▶ [Problem requirements]:
From the entries below, return exactly the lines beginning at the one that contains "Для чего преподаватели" and ending at the one that contains "Оригинальный женский бумажник", both of them included, and only those lines.

▶ [Records to process]:
·····
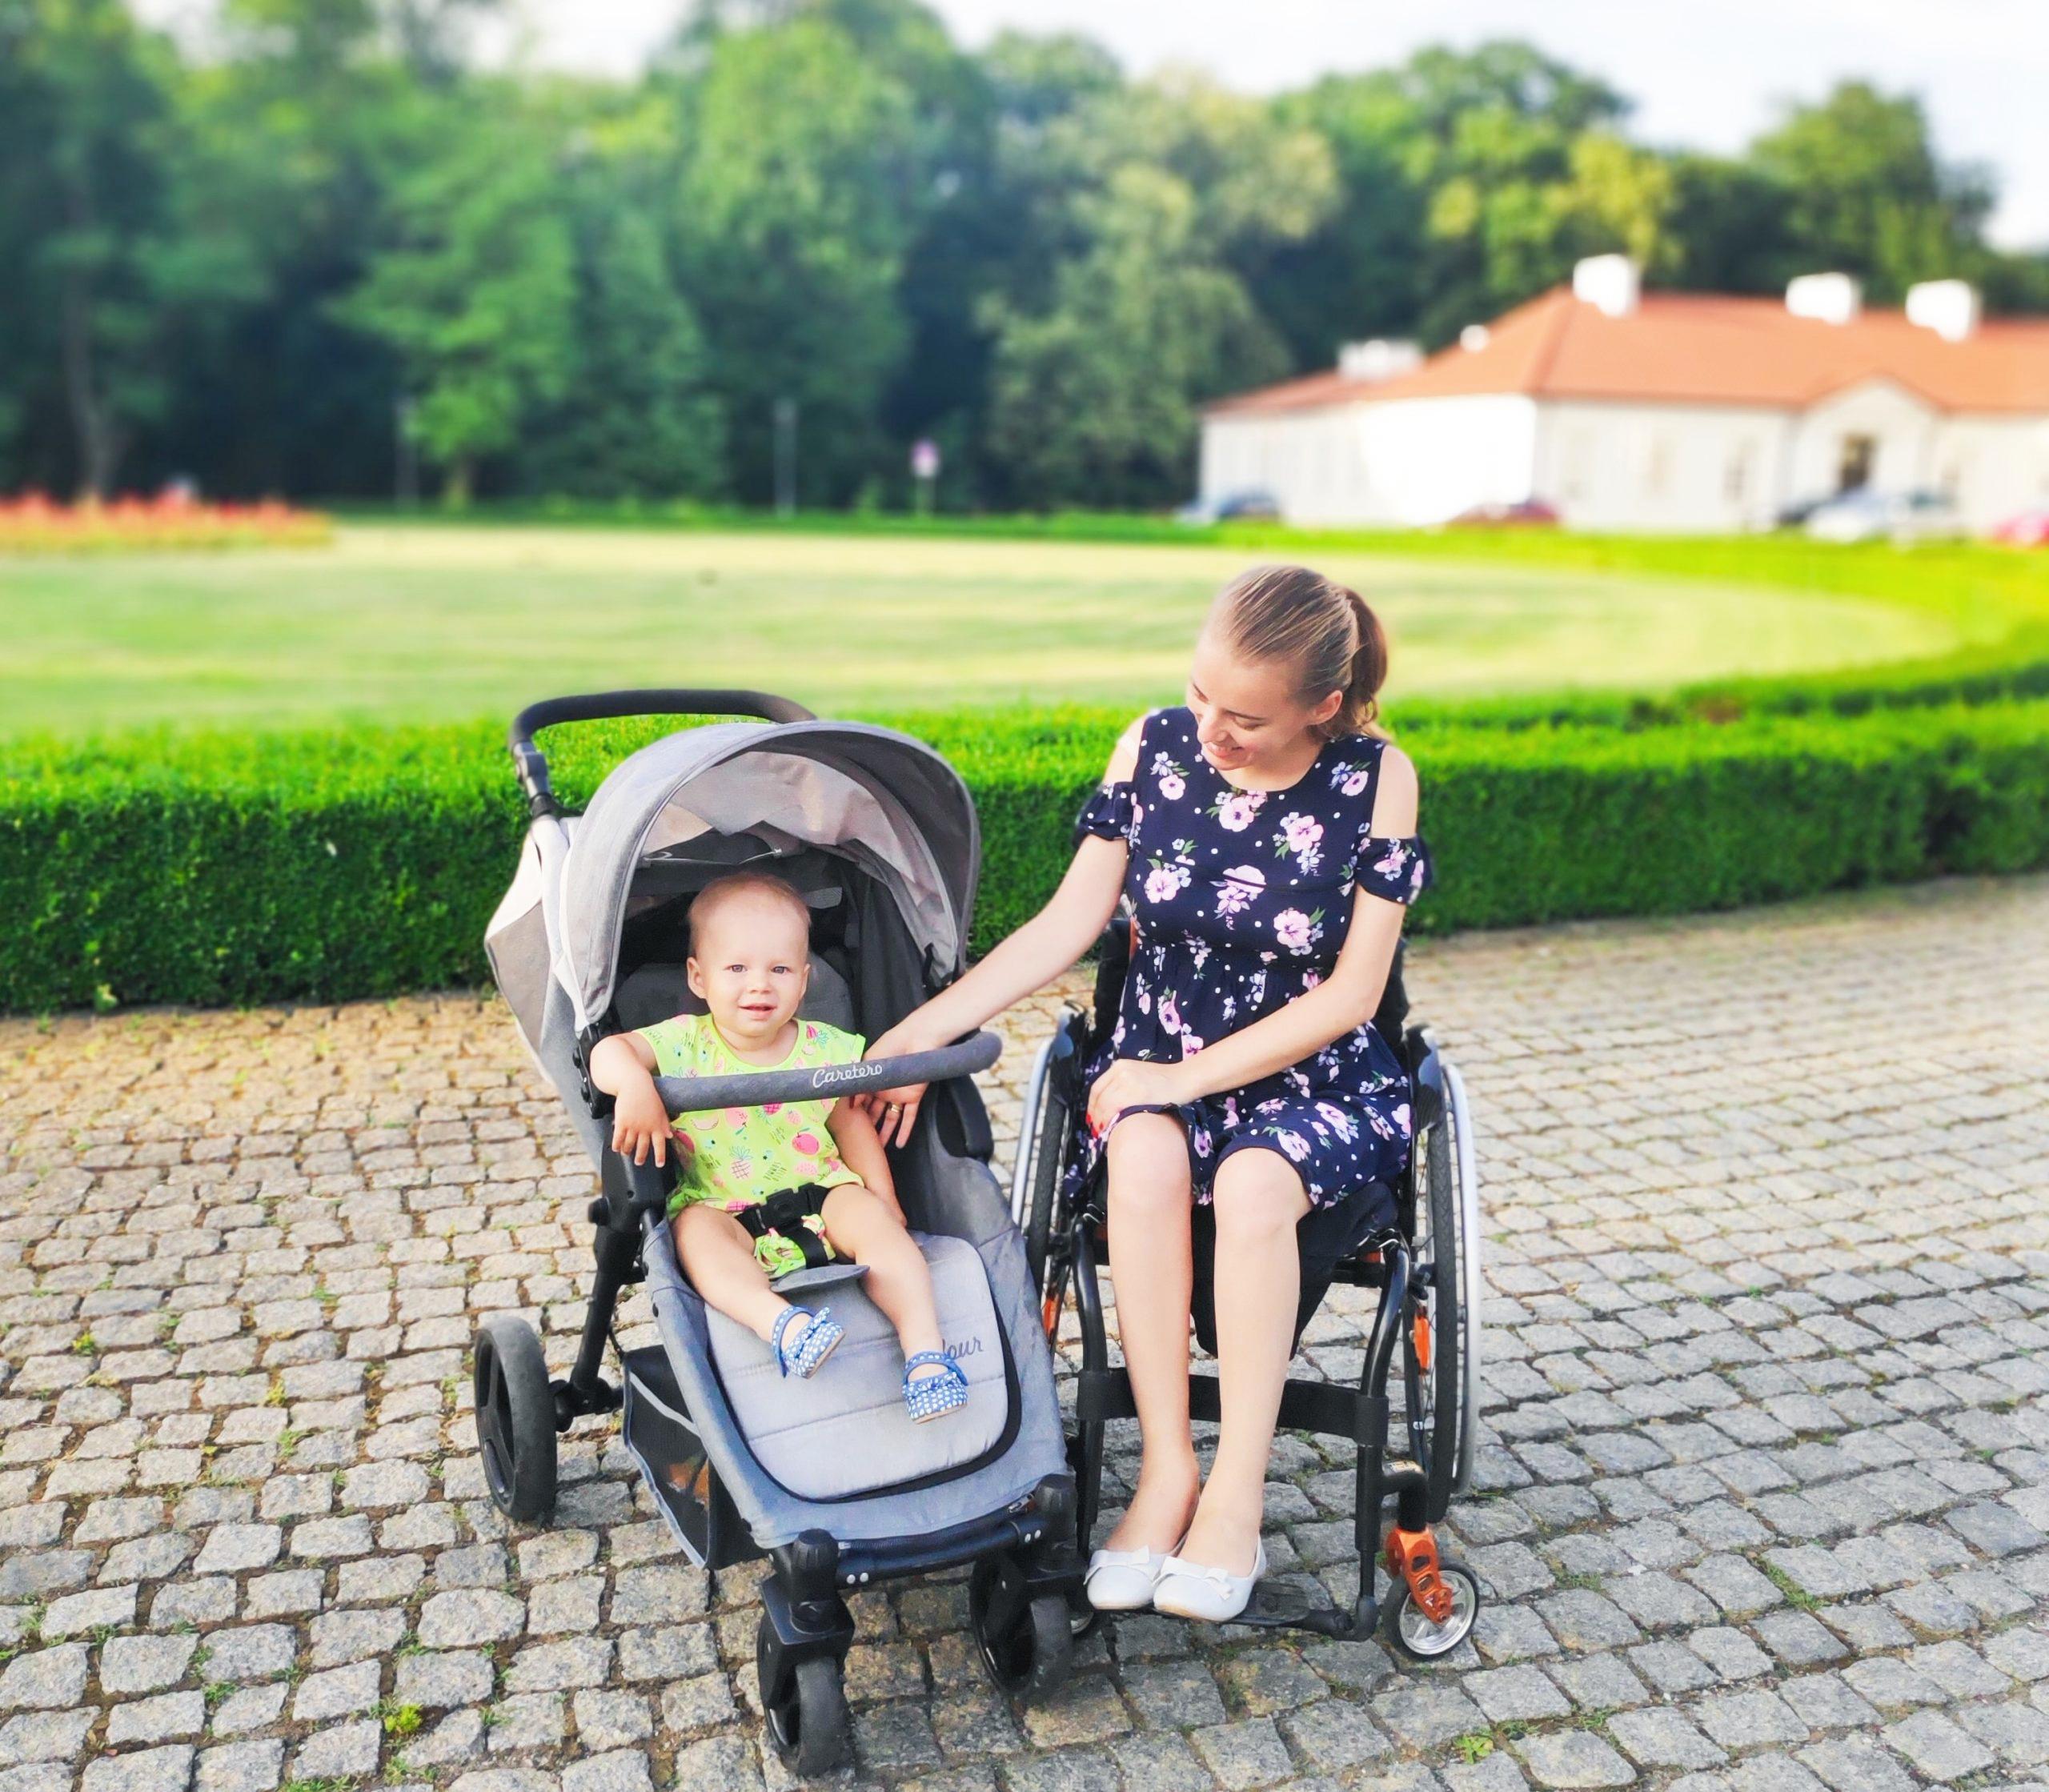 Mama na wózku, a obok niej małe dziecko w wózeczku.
·····
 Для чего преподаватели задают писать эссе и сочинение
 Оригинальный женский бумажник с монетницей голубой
·····
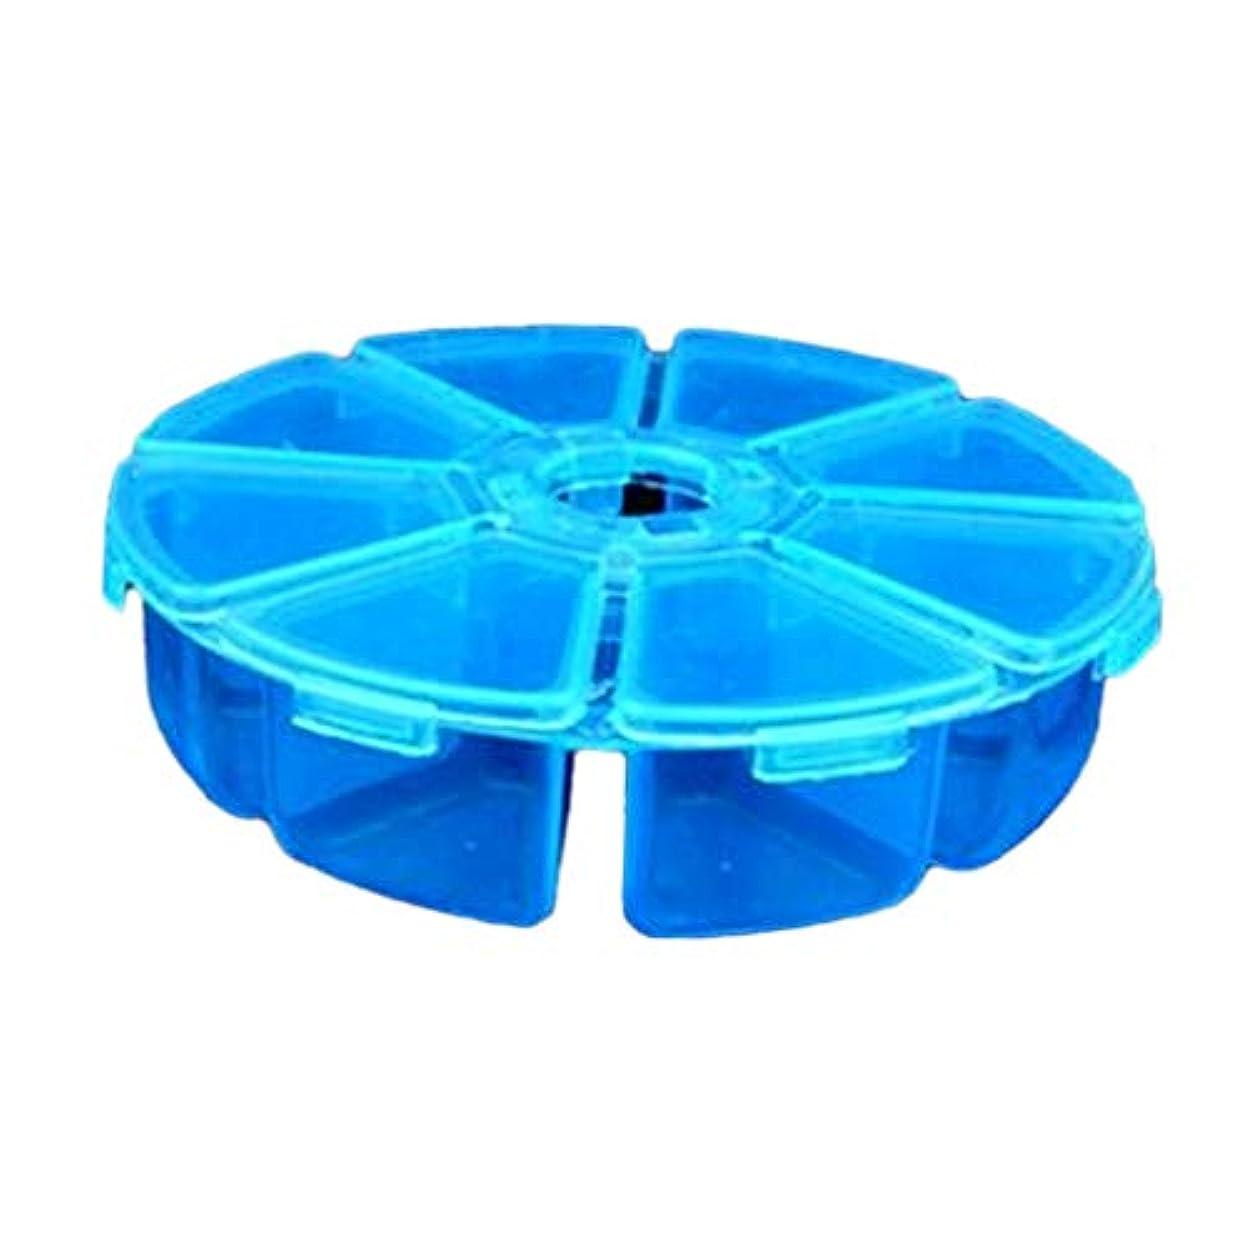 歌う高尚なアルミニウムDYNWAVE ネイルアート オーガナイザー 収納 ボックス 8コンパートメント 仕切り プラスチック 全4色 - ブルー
·····
▶ [Expected output]:
 Для чего преподаватели задают писать эссе и сочинение
 Оригинальный женский бумажник с монетницей голубой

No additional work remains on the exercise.